- WORK REQUEST
Once the line containing "Collection Ikea Self-Service" is found in the entries below, reproduce it and every line after it, stopping at and including the line containing "Tiffany Lampen Amsterdam"; reproduce nothing else, and keep each line exact.

- DATA IN THIS EXERCISE
-=-=-

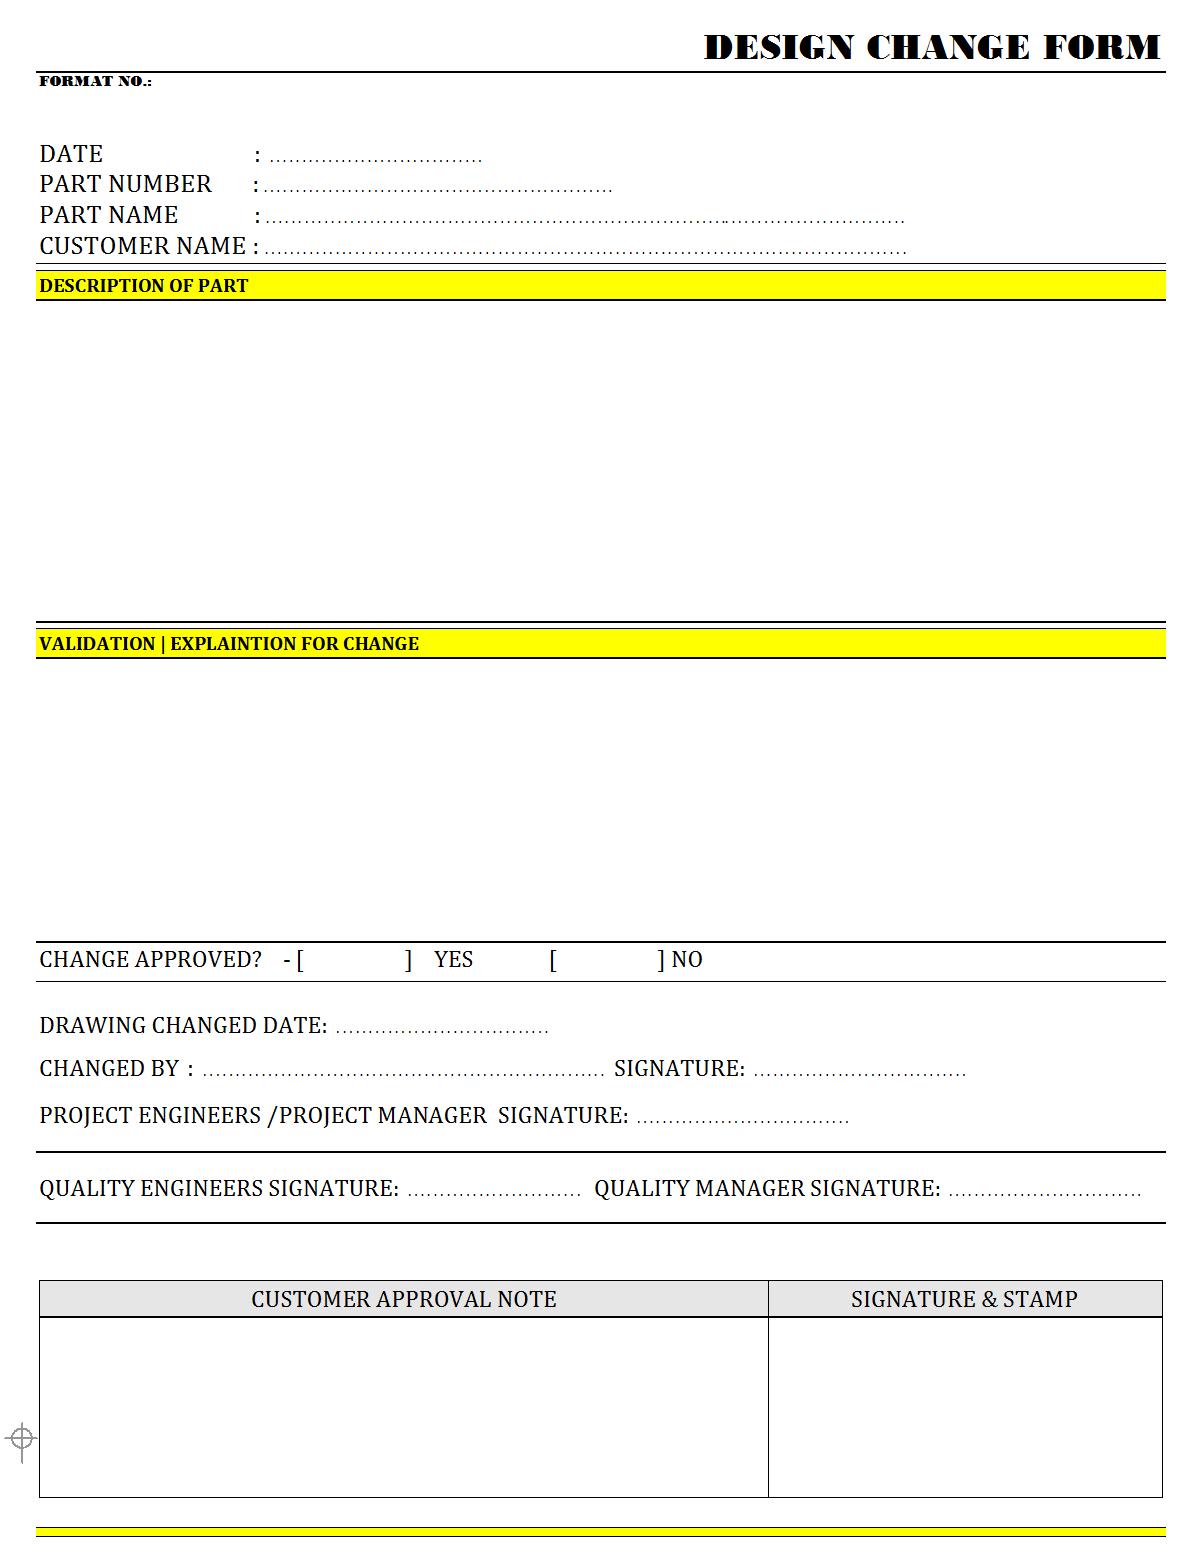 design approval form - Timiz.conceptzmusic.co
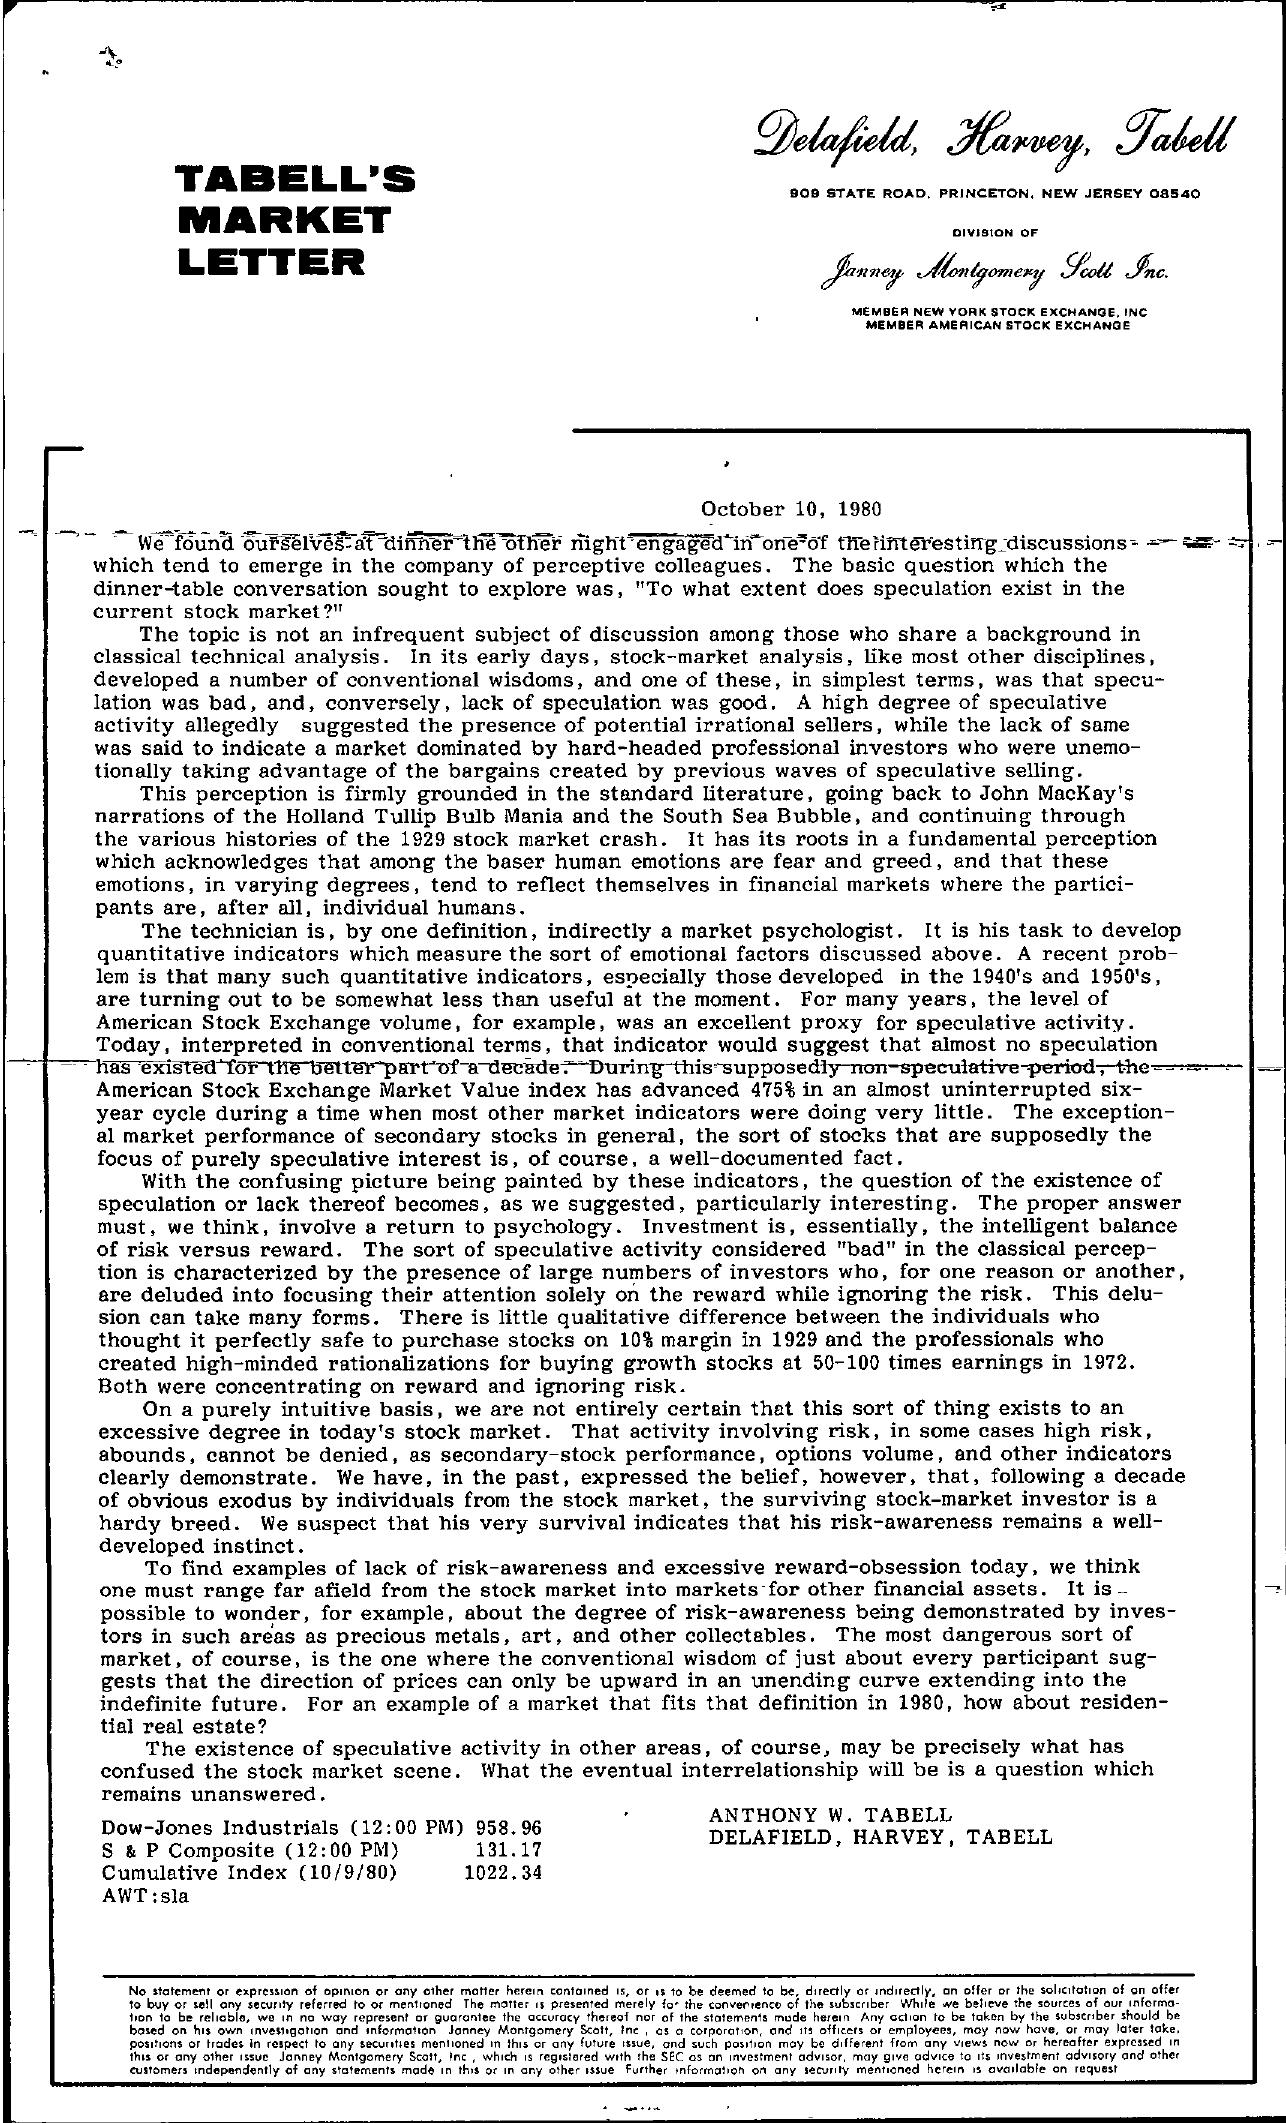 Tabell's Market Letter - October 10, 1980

-=-=-

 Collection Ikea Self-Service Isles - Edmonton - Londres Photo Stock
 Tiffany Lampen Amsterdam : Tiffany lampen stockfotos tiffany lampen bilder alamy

-=-=-

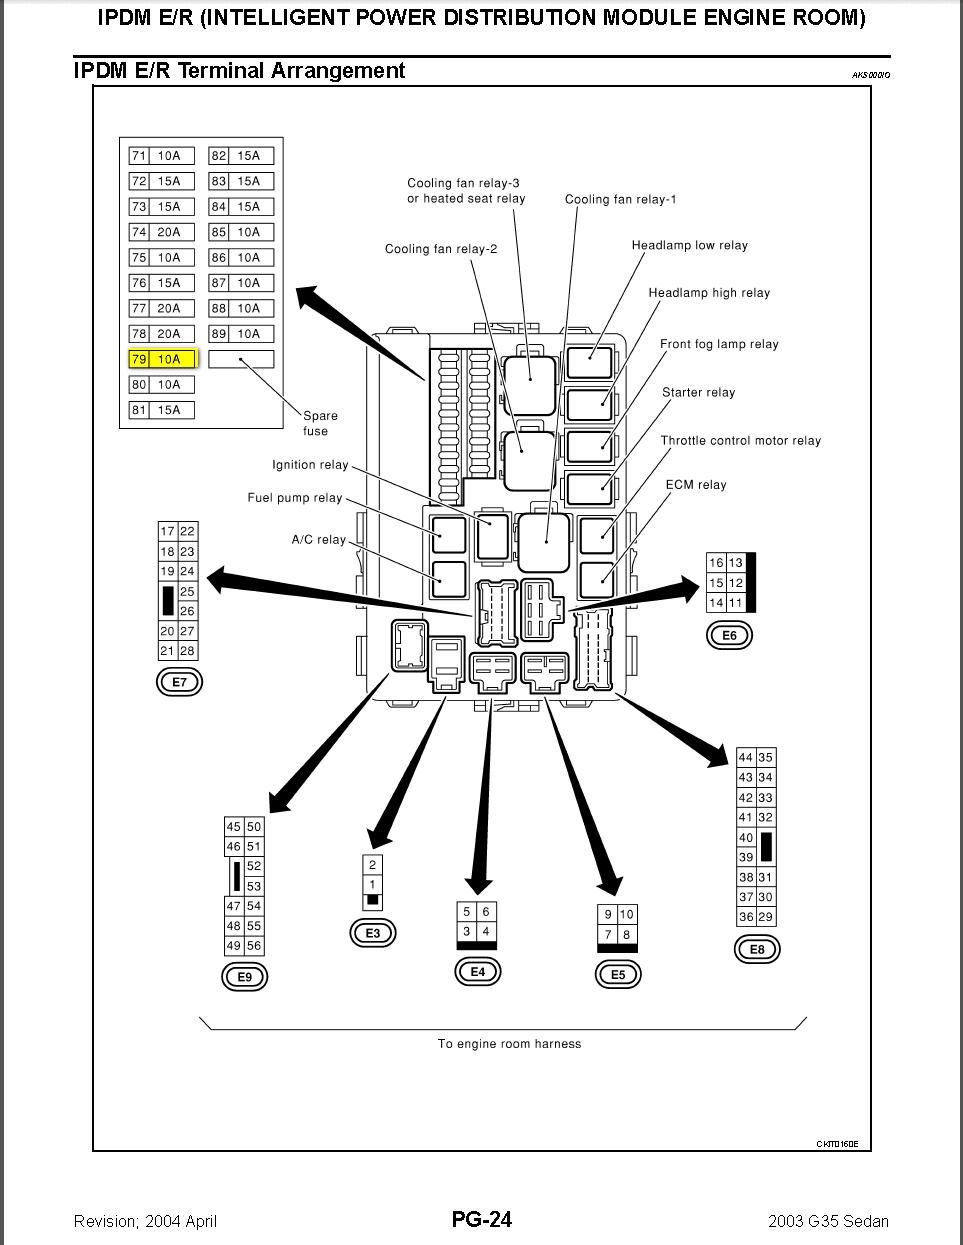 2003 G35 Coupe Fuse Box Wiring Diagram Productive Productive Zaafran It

-=-=-

- THE COMPLETED TASK
 Collection Ikea Self-Service Isles - Edmonton - Londres Photo Stock
 Tiffany Lampen Amsterdam : Tiffany lampen stockfotos tiffany lampen bilder alamy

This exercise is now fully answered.